The new HomePod Software 14.2 release arrives in tandem with iOS 14.2, iPadOS 14.2, tvOS 14.2, and watchOS 7.1 updates for Apple’s other devices, which will finally unify some of the new features across Apple’s entire ecosystem.

For example, while the last HomePod Software update added the new Intercom feature to Apple’s full-sized HomePod, support for it was conspicuously missing in the corresponding iOS 14.1 update, leaving users with a feature that only worked between multiple HomePods unless they were already running the iOS 14.2 betas on their devices.

As indicated in the HomePod Software release notes, however, Intercom will now work across iPhone, iPad, Apple Watch, AirPods, and CarPlay — providing of course these devices are running the latest iOS, iPadOS, or watchOS versions.

That’s not all, however. While most of the new HomePod features arrived with the last update, the new version 14.2 of the HomePod Software also introduces two more features to Apple’s smart speakers, one of which will actually be exclusive to the older, full-sized HomePod models.

Personal Update

When Apple showed off the HomePod mini, one of the features that it demonstrated but otherwise glossed over slightly was Personal Update, a new Siri capability that allows users to ask for a summary of their day.

Users can simply say “What’s my update?” and Siri will respond with a summary of the weather, upcoming calendar appointments, commute times, and the news.

While much of this information was available via Siri on the HomePod before, you had to ask for it individually, so the new feature more intelligently combines it all into a single request and response. Plus, Siri will use its voice recognition so that each user gets their own personal update.

Like other personal requests for things like calendars, reminders, messages, and notes, the Personal Update feature still relies on each person’s paired iPhone to get the necessary information, so it will only work for a given user if their iPhone is nearby, powered on, and connected to the same Wi-Fi network, but this should normally be the case for most folks.

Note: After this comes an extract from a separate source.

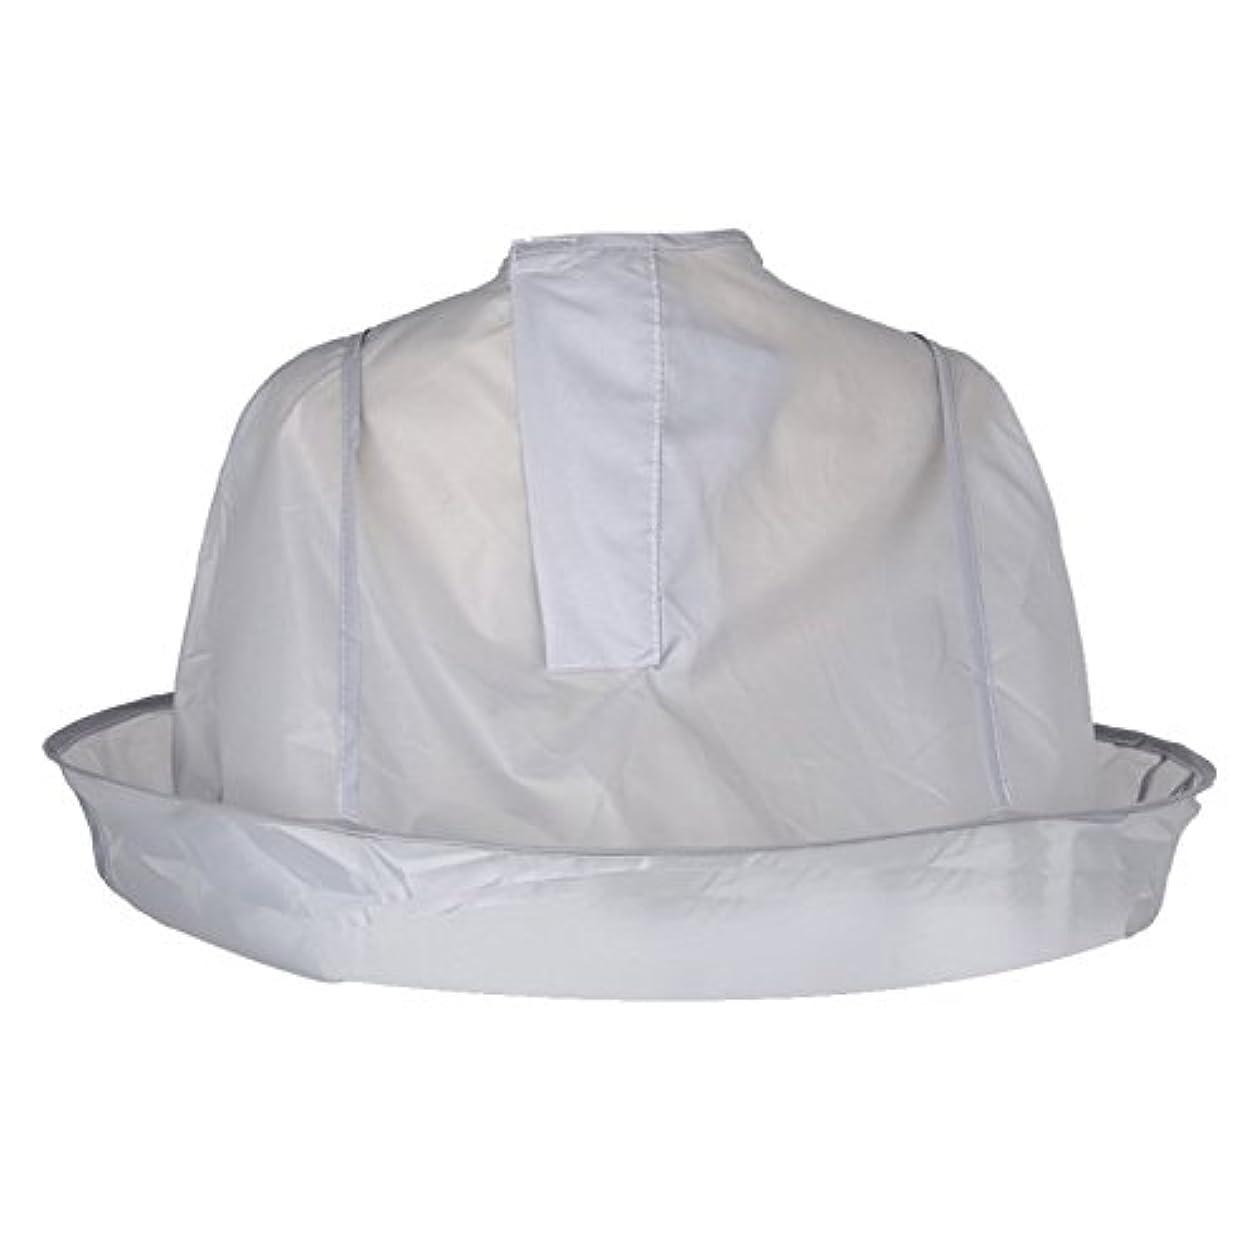 合理化確かに覚えているMSmask クローク傘ケープ理容室カッティングヘアー DIYサロンホーム理髪ケープシルバー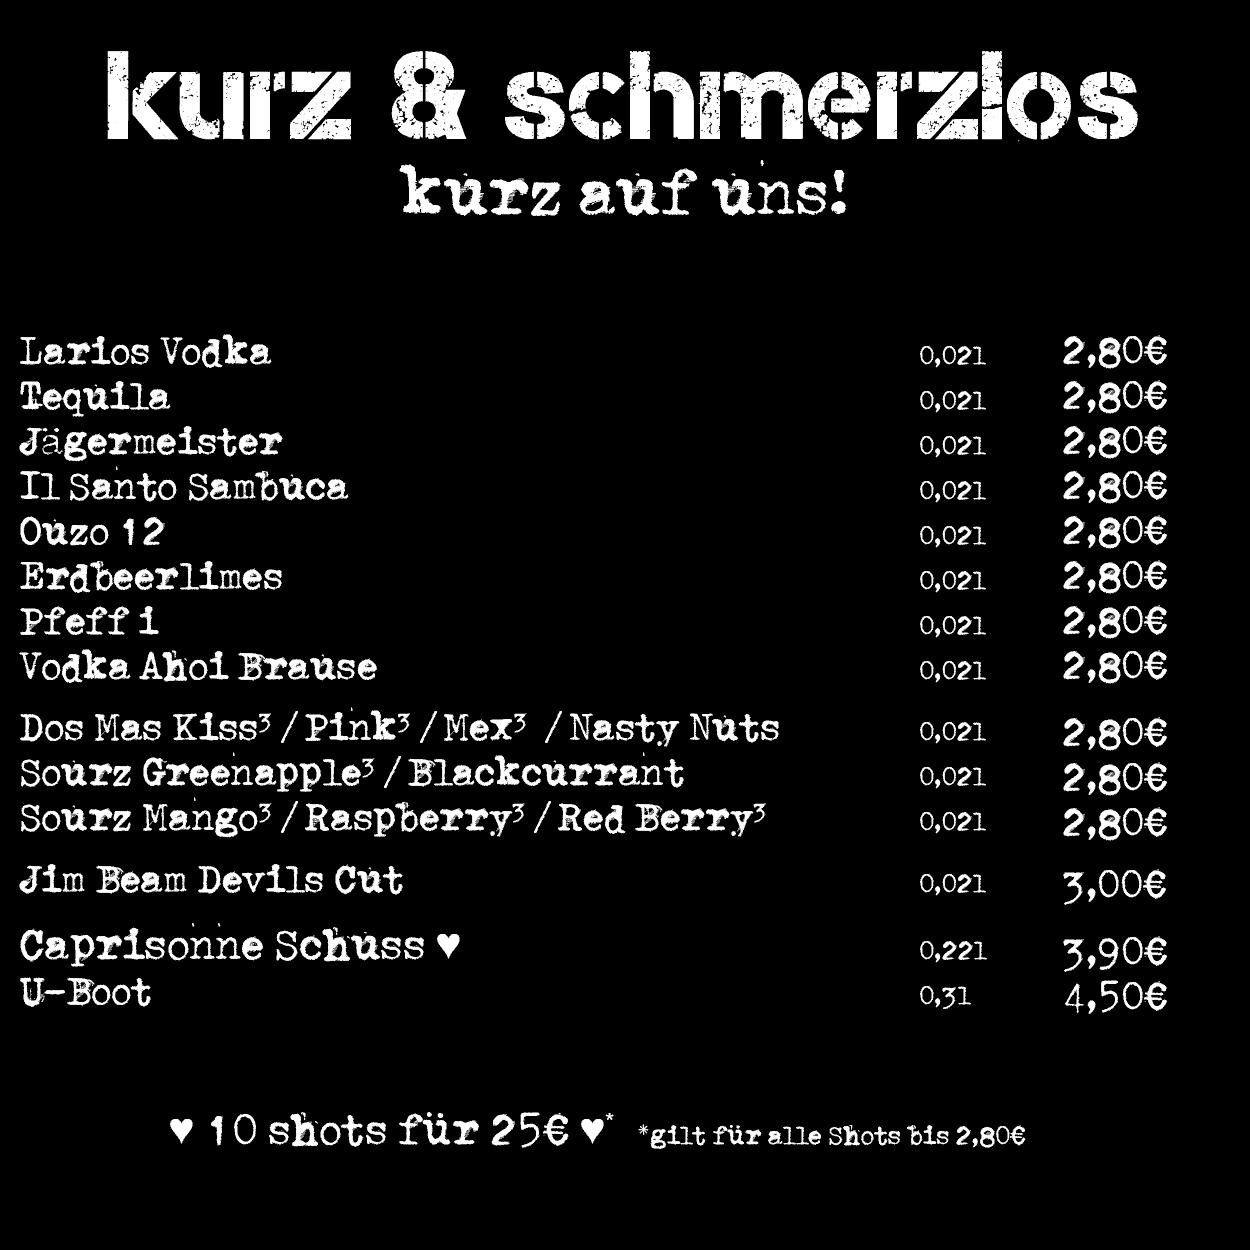 kurz-002

Siri on the HomePod will also only read out the daily news automatically the first time you make a request each day; on subsequent personal update requests, Siri will ask if you want to hear the news again, and if you don’t ever want it to come up at all you can also ask Siri to “Remove the News from my Update” to take it out entirely.

Home Theatre Audio

For the most part, the HomePod mini will support all of the same features as its big brother, but there is one notable exception, and that’s the new Home Theatre Audio feature.

Apple has already published a support document explaining how to set this up, but basically it will allow you to use either one or two full-sized HomePods as speakers for your Apple TV to create an immersive home theatre experience. This will allow you to get simulated 5.1, 7.1, and Dolby Atmos sound through your HomePods, thanks to the advanced spatial audio features offered by the smart speakers.

While it will still be possible to use one or two HomePod mini speakers with your Apple TV, you won’t get the home theatre sound from these — they’ll simply act as normal AirPlay speakers — since the HomePod mini doesn’t include the more advanced spatial audio hardware needed to drive the home theatre sound, and while you can connect two HomePod mini speakers to an Apple TV to use as a stereo pair, you won’t be able to mix-and-match a HomePod and a HomePod mini for this purpose — for fairly obvious reasons you’ll have to use two of the same speakers to get proper stereo sound.

Lastly, it’s also worth noting that Apple is only bringing this capability to the Apple TV 4K, so users with the older 2015 Apple TV HD are going to be left out of the party. While the reasons for this are unclear, it’s likely based on processor differences between the two models, since the original fourth-generation Apple TV is still saddled with an A8 series chip, while the Apple TV 4K boasts the same A10X chip that was found in the 2017 iPad Pro models.